Start of Block
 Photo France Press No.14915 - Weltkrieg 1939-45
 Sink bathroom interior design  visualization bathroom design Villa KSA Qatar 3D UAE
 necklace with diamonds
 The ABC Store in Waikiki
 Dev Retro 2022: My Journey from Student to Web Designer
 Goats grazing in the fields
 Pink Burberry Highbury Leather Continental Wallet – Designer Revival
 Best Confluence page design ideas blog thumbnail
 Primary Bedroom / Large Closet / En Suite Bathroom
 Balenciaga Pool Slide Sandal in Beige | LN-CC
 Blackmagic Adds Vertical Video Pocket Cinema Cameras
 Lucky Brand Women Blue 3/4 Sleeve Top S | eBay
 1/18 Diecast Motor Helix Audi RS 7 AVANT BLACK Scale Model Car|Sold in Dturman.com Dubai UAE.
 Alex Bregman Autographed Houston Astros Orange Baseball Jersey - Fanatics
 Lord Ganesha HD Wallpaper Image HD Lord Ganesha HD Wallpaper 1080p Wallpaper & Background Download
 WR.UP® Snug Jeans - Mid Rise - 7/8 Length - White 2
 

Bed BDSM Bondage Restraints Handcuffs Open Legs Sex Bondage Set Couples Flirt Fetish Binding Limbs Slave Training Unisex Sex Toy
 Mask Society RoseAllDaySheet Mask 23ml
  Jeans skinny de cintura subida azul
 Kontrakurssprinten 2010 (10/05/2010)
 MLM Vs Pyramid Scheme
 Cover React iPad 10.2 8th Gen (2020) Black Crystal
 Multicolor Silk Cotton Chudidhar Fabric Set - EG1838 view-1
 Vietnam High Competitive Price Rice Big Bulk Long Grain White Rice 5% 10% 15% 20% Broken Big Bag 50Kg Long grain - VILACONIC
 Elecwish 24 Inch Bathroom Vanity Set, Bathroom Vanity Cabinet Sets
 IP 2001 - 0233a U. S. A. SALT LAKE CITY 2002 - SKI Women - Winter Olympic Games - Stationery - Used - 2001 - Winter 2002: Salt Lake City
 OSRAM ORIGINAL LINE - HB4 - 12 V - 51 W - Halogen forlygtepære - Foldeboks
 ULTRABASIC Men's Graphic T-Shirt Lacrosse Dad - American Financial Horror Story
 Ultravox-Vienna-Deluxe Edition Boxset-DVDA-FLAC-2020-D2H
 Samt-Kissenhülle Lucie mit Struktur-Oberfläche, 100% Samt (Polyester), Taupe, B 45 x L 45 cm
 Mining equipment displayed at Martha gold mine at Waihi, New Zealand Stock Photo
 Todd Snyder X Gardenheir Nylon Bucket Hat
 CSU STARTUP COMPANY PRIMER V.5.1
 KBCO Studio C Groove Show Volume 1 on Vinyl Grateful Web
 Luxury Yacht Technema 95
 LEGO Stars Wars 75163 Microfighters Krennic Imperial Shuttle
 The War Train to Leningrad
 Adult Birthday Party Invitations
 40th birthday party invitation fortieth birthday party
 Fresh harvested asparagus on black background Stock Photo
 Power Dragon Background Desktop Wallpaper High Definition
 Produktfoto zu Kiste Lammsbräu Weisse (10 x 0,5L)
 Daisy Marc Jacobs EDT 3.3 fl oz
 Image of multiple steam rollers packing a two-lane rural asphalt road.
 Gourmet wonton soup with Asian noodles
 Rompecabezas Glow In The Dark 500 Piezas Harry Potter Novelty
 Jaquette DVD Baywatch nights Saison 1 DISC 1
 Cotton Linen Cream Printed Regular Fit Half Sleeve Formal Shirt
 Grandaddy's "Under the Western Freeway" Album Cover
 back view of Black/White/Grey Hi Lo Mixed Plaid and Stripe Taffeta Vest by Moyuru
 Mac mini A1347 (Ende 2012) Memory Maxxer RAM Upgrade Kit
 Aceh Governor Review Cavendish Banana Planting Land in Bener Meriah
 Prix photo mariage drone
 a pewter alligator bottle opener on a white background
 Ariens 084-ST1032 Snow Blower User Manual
End of Block
Return a copy of each line in the entries that carries the string "Jeans".

Exercise output:
 WR.UP® Snug Jeans - Mid Rise - 7/8 Length - White 2
  Jeans skinny de cintura subida azul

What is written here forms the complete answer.